• _WHAT YOU SHOULD DO_
Your task is to write out the entire listing exactly, omitting its pictures.

• _MATERIAL PROVIDED_
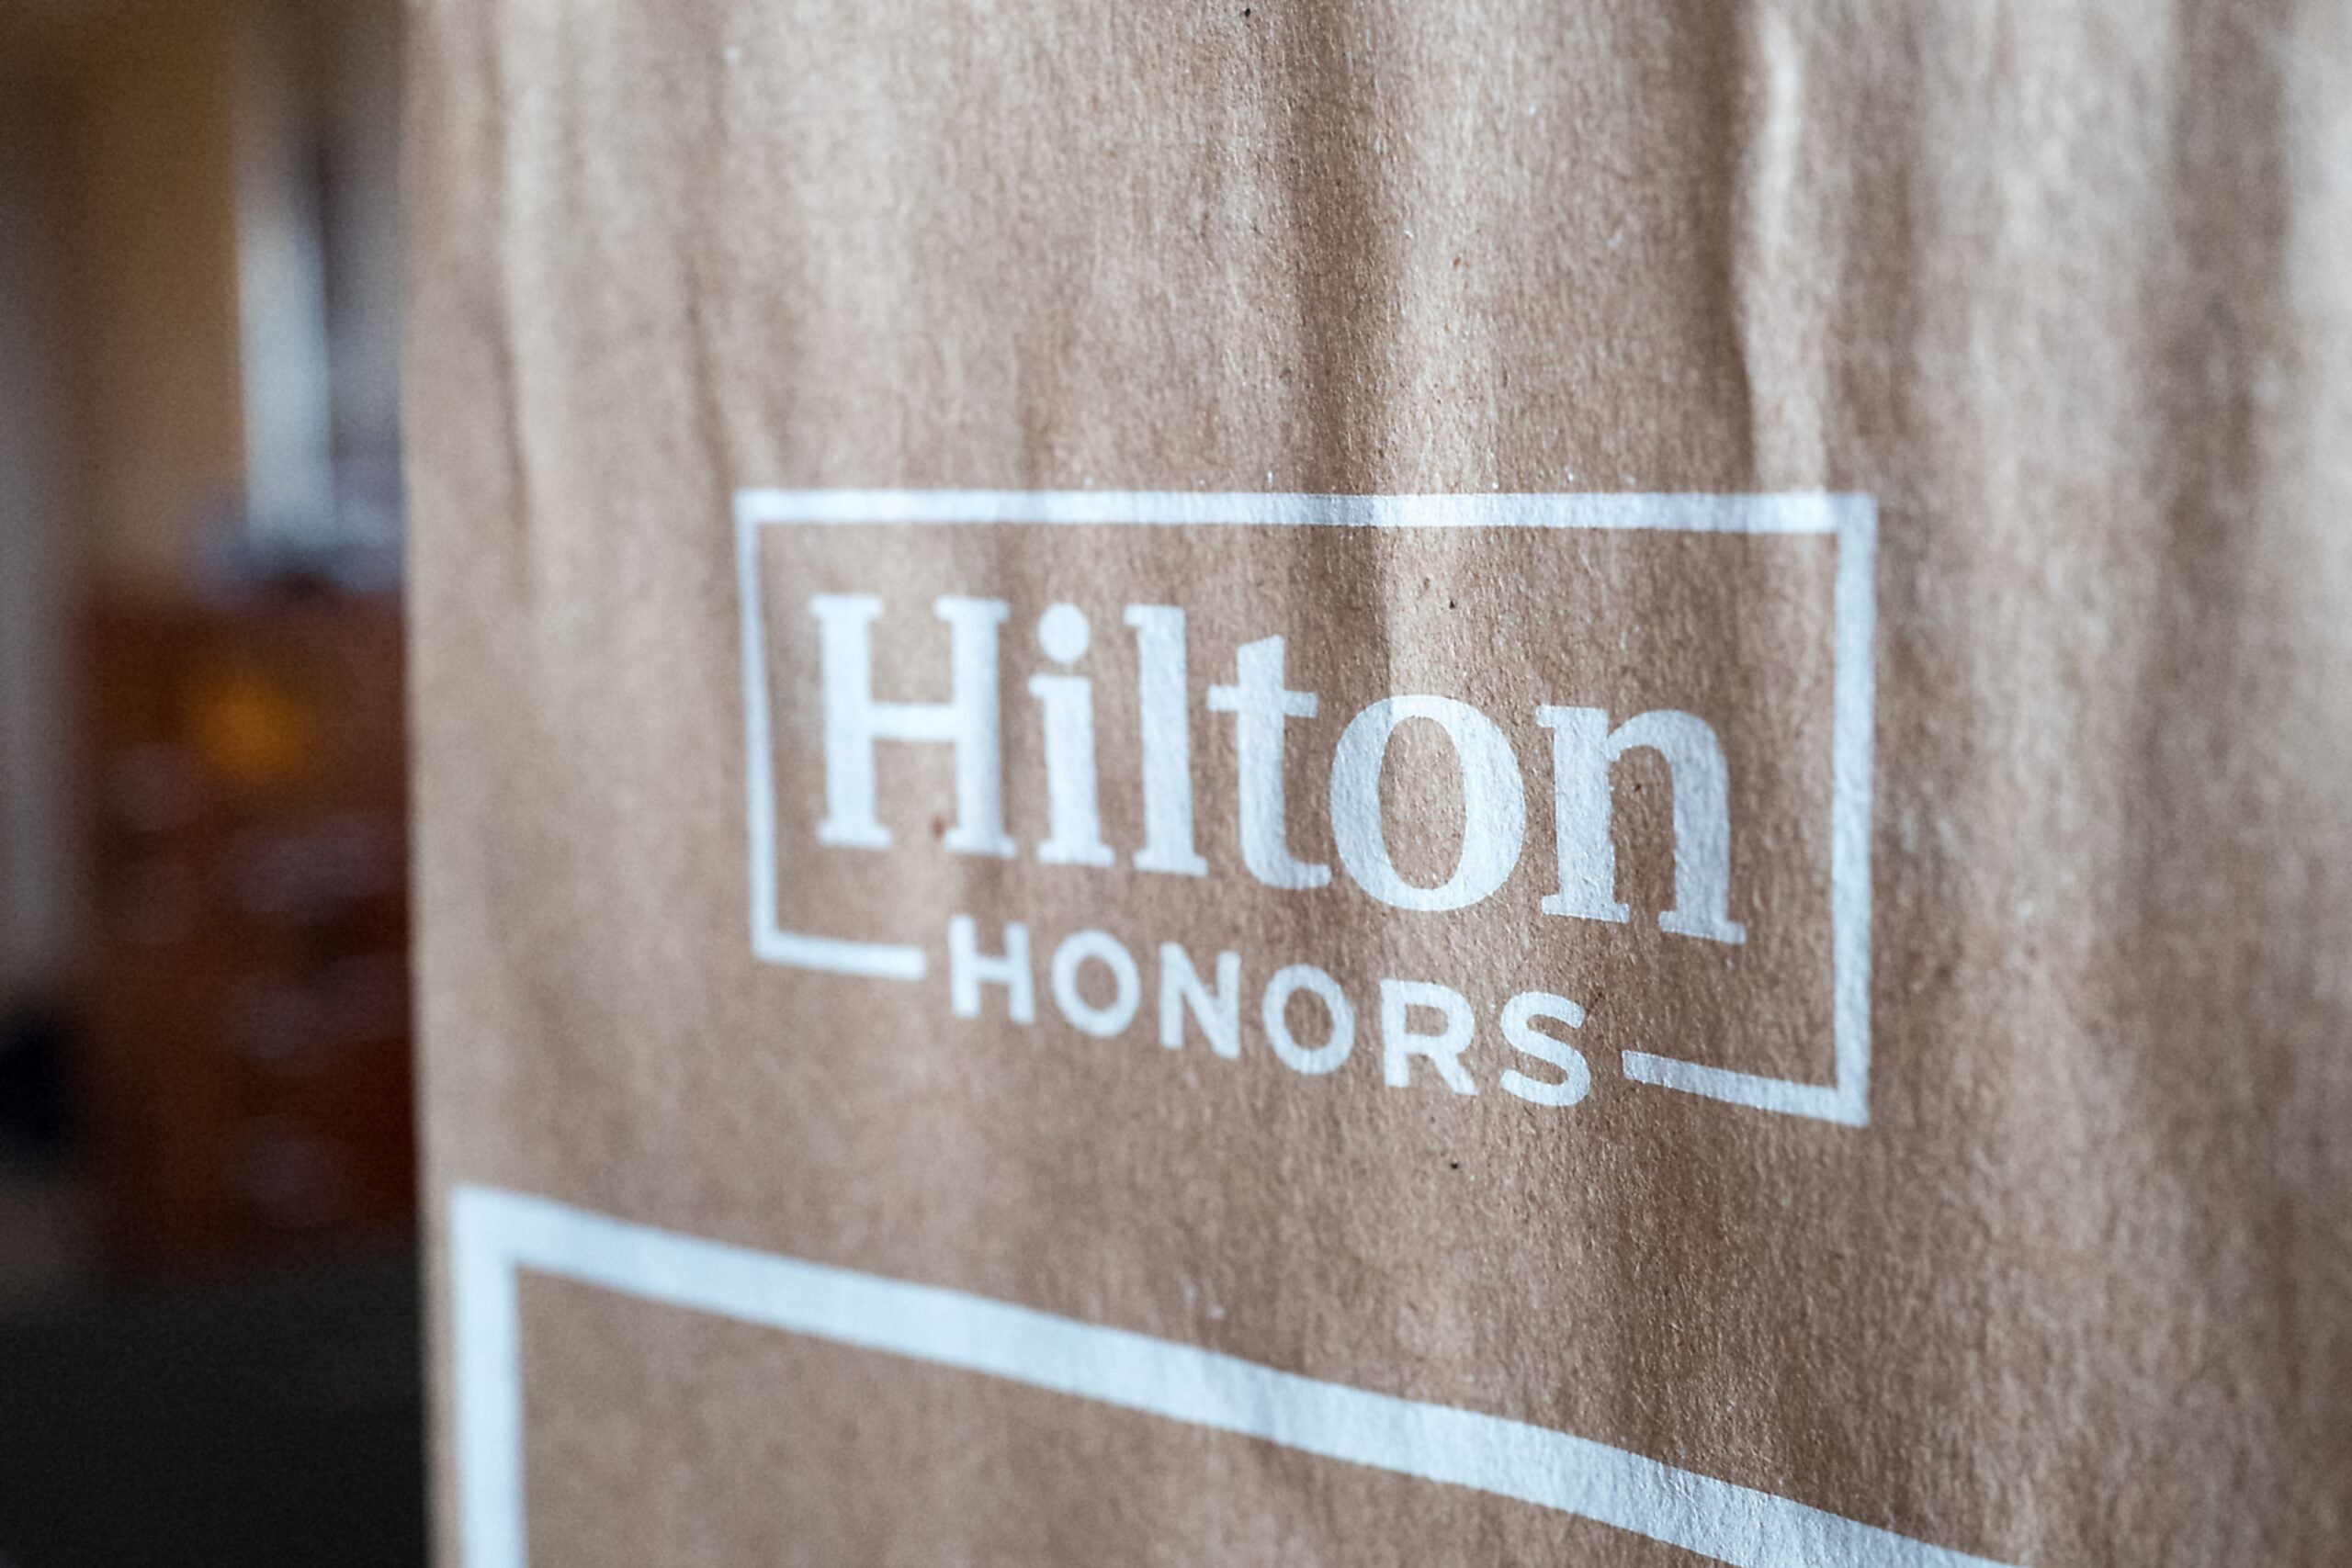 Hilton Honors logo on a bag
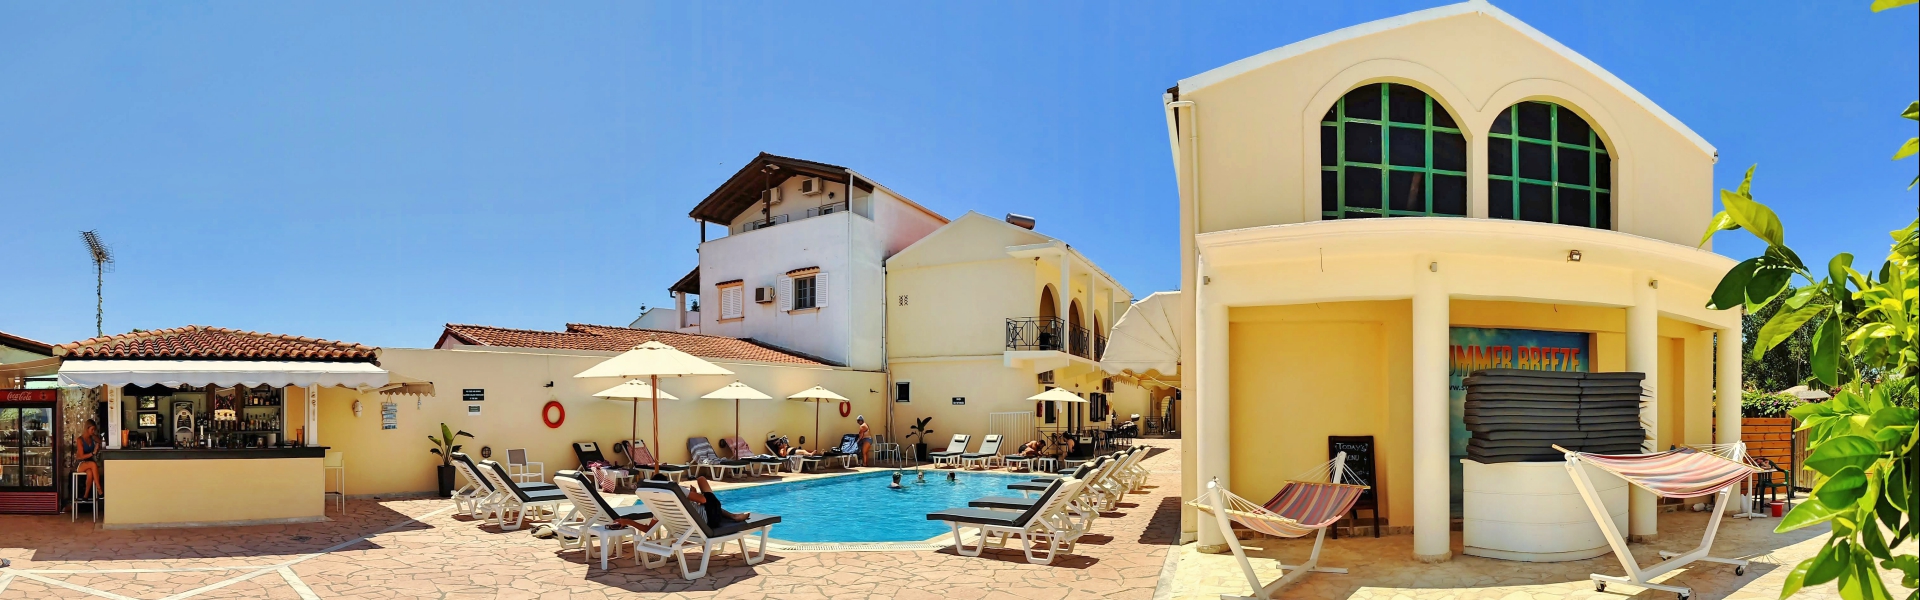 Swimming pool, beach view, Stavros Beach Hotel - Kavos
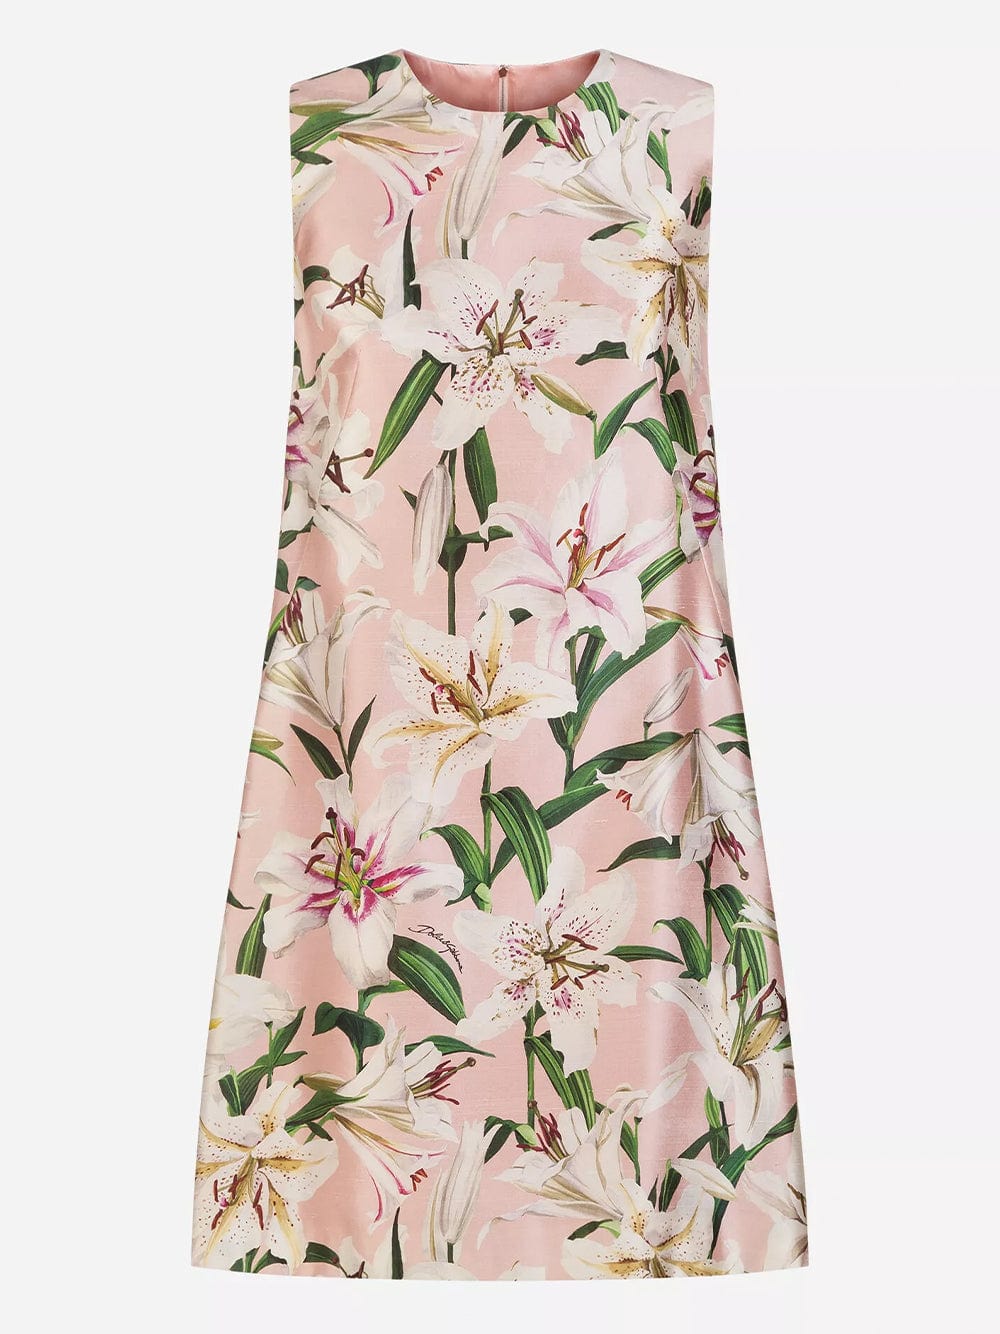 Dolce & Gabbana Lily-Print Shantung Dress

• _SOLVED PROBLEM_
 Hilton Honors logo on a bag
 Swimming pool, beach view, Stavros Beach Hotel - Kavos
 Dolce & Gabbana Lily-Print Shantung Dress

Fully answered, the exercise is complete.